It's certainly possible to include this. I had limited myself to linking to the permanent archive, because it's the only URL I trust to still be functional in say 10 years (unlike github or my own institution-hosted personal web site). Unfortunately, my institution's digital archive does really facilitate file-level browsing.

I welcome suggestions for other platforms that might blend both permanence and browsability.

Caveats in Conclusion

Agreed. Inserting a new penultimate sentence would function nicely as a transition between the "Although" and "This article indicates". The caveat(s) primarily stem from the fact that we don't have a complete docker-like archive of the host platform, which I am happy to recapitulate.

Abstract Citation

This is indeed one of the technical LaTeX issues I was wondering about. This is automatically generated, but I'm perhaps doing something wrong, the metadata.yaml contains the following:

# Information about the original article that has been replicated
replication:
 - cite: "Weinman, J. J. (2010, August). Typographical features for scene text recognition. In 2010 20th International Conference on Pattern Recognition (pp. 3987-3990). IEEE." # Full textual citation
 - bib:  \cite{weinman10typographical} # Bibtex key (if any) in your bibliography file
 - url:  https://www.cs.grinnell.edu/~weinman/pubs/weinman10typographical.pdf # URL to the PDF, try to link to a non-paywall version
 - doi:  10.1109/ICPR.2010.970 # Regular digital object identifier

And this produces the following items in metadata.tex

\def \replicationCITE{Weinman, J. J. (2010, August). Typographical features for scene text recognition. In 2010 20th International Conference on Pattern Recognition (pp. 3987-3990). IEEE.}
\def \replicationBIB{\cite{weinman10typographical}}
\def \replicationURL{https://www.cs.grinnell.edu/~weinman/pubs/weinman10typographical.pdf}
\def \replicationDOI{10.1109/ICPR.2010.970}

I do welcome assistance on getting this formatted as the editors intend! (I agree that a bare numerical citation is undesirable.)

Verbatim Texts

Good typographical eye! (Appropriate, considering the subject of the original paper.).

Indeed, I actually shrunk the name of the very long collection (eighth line of section 2,) so it didn't stick out in the margin too far.

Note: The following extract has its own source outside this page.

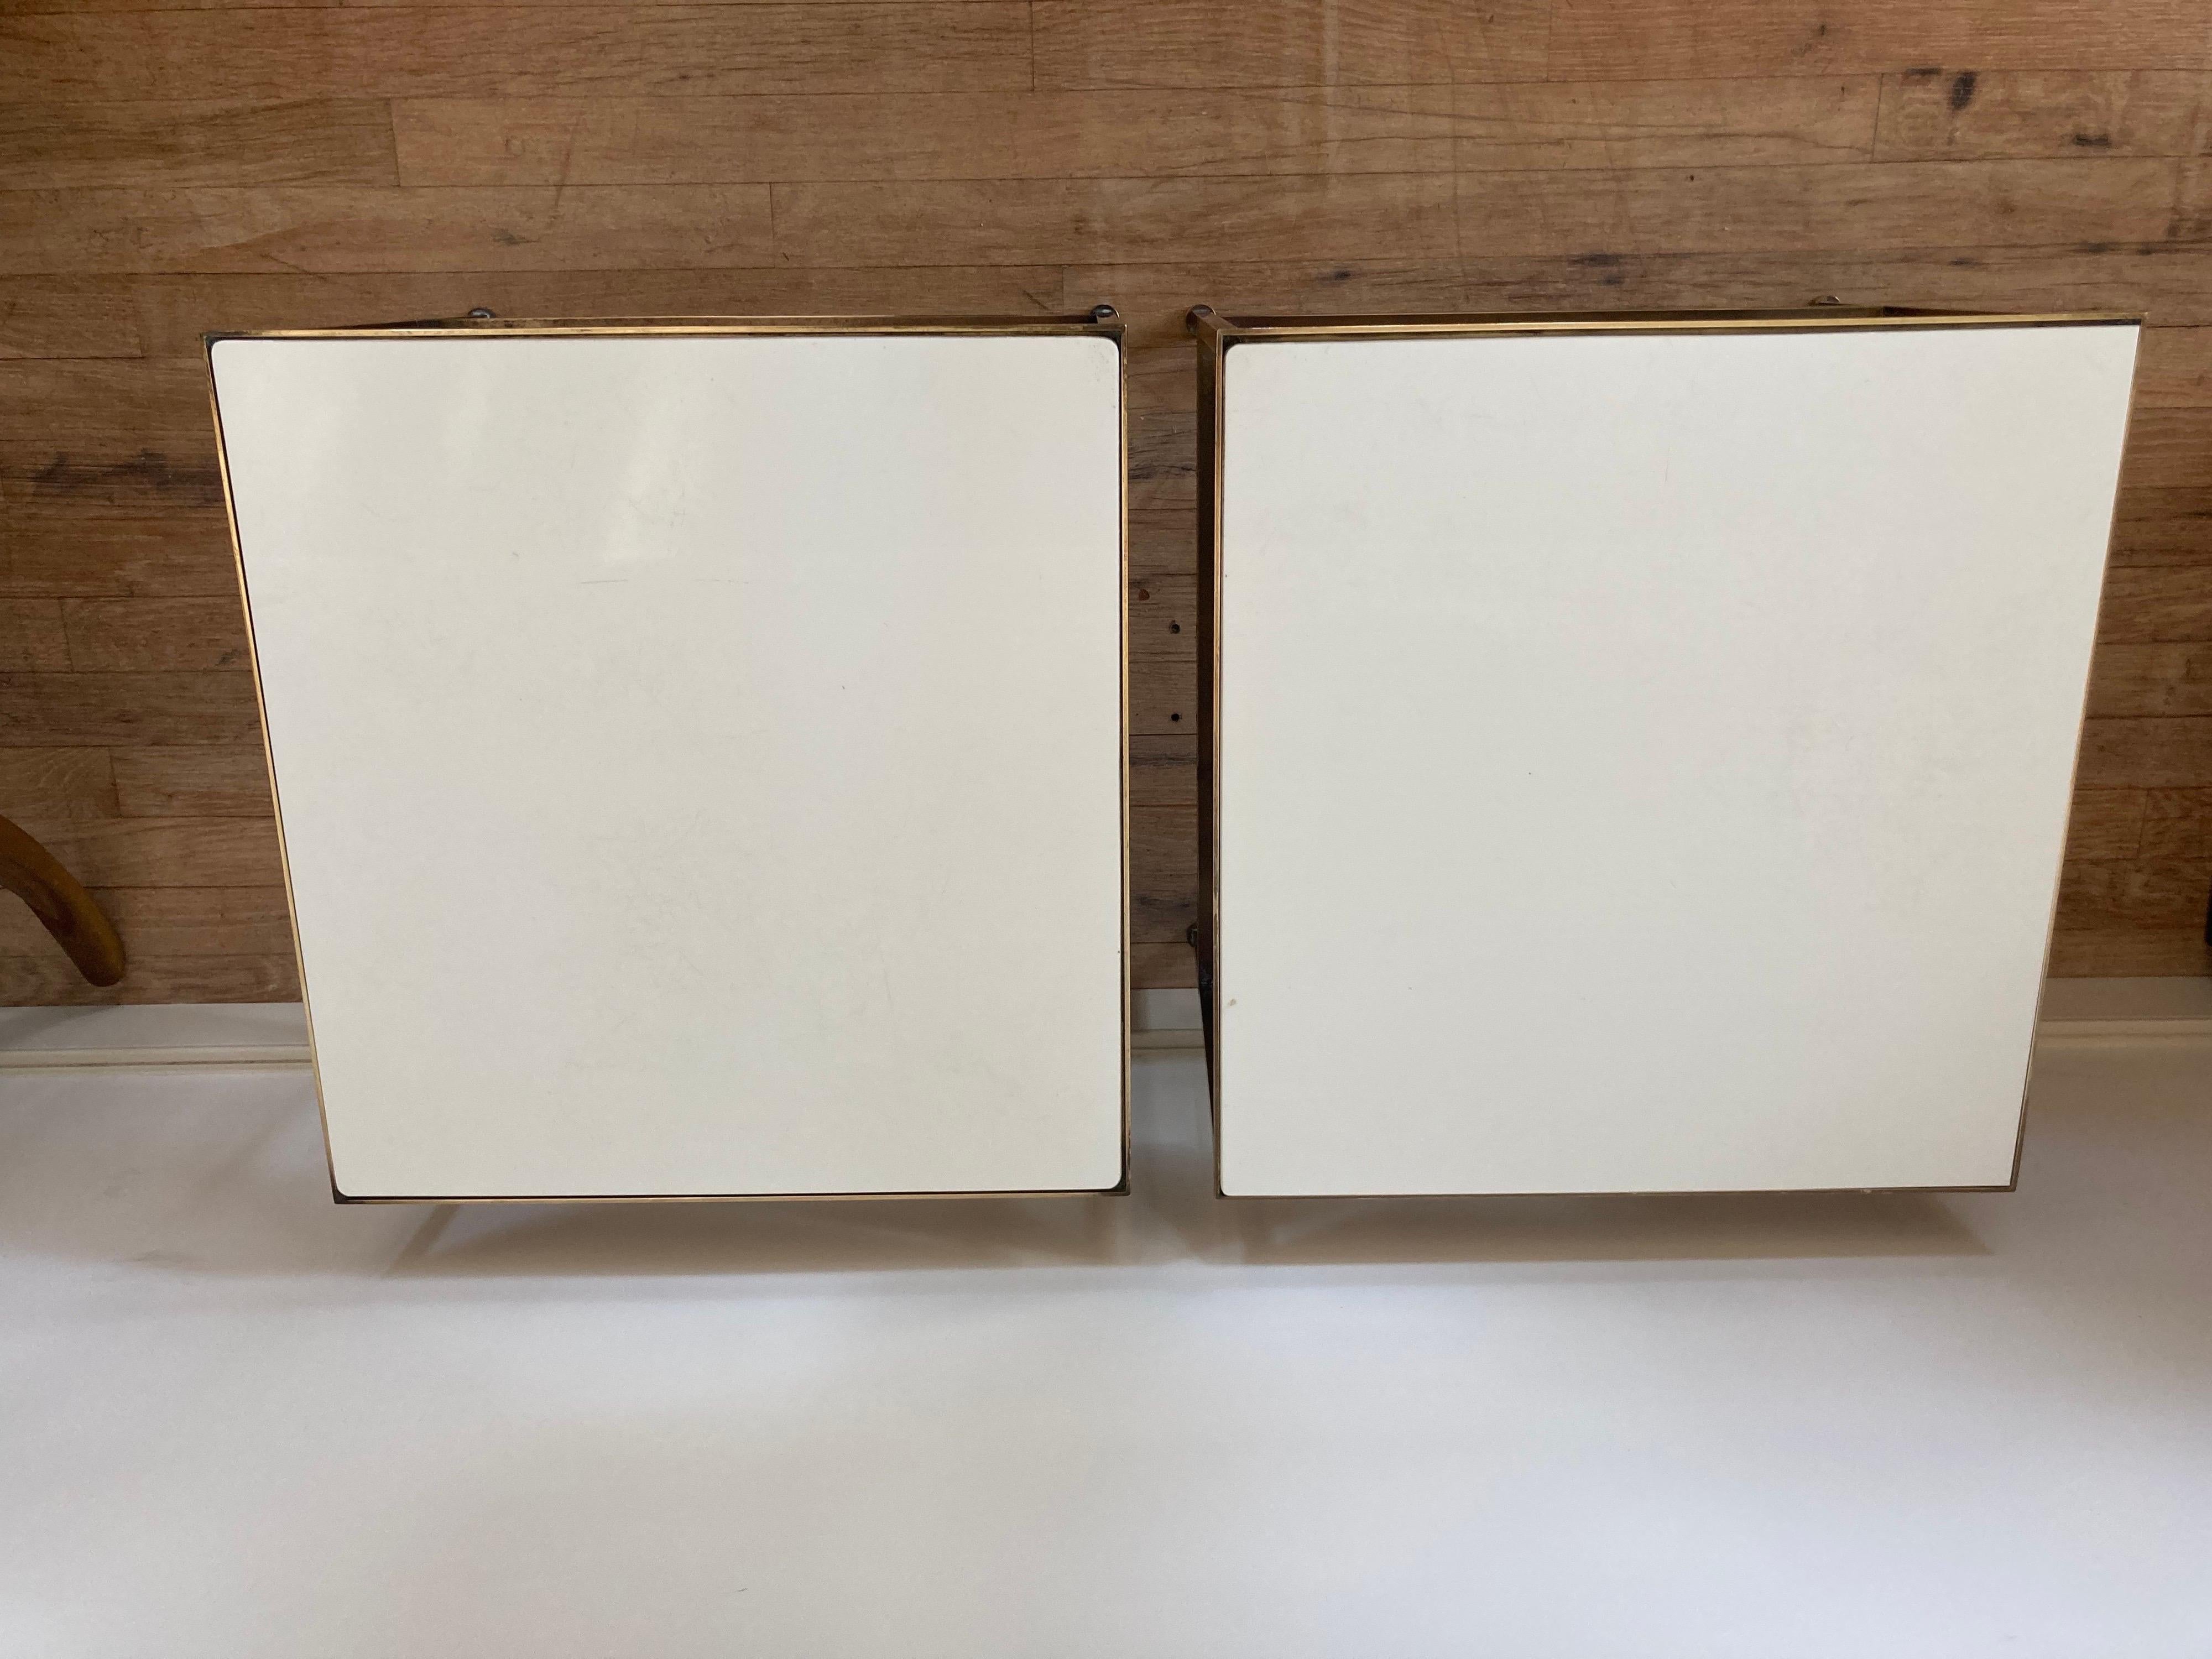 Pair of brass framed white glass or vitrolite top tables design by Paul McCobb for Calvin.

However, Makefile (which comes later) and all the rest are the appropriate default size in latex; juxtaposed these do look odd, but careful inspection of the x-height for Makefile reveals it matches the default/serif text.

Collections shorthand

Admittedly, I invented the shorthand pA, eC so that the graph (Fig. 1) would be interpretable, and then found it convenient to continue to use these shorthand keys throughout. The complete names I used in the file system would perhaps be overkill (i.e., experiments/text/ngrams/bigrams/tied_nums_intracase_L1_validation-20090708075734) for casual reference throughout the manuscript, which is why I tried to describe the relevant collections before naming them specifically with these keys. They can be cross-references in the graph (Fig. 1) or table for more details (Table 3).

I agree it's not ideal, but given the shear number and variety of them, I do not know whether it is worth inventing a new taxonomy. Section 3.1 describes the contents as they are enumerated. Table 2 attempts to use the semantically-meaningful prefix character (p, e, or r) to glob these along with the header description ("Parser", "+Training", "+Data").

A bit of "inside baseball", but another minor reason for this somewhat generic naming scheme (aside from keeping the graph tidy) is that the dependency graph structure and indeed the graphic itself are all automatically and reproducibily generated. (By tracing the DEPs files, processing the hierarchy location, and generating a file that can then be used by GraphViz.

Conclusion

I will post a revision in the next week or so, but I do invite responses to any of the comments I've made above that may help smooth the process going forward. Thank you again for hosting the challenge, giving impetus for this evaluation, and providing the very helpful review.

@rougier
Copy link
Member

rougier commented Sep 11, 2020

@weinman Thank for yo very detailed report and I'm plainly satisfied with the proposed corrections. To answer your question about the code, you can actually expand it on GitHub (or GitLab) and use software heritage (https://www.softwareheritage.org/save-and-reference-research-software/) to save the repository. Even if GitHub disappear sometime in the future, your code will be safe (software heritage is a non-profit foundation). You should obtan a swh id that you can put in the metadata.

For collection shortnames, I agree the long names would be tedious to use an I can live with the short version.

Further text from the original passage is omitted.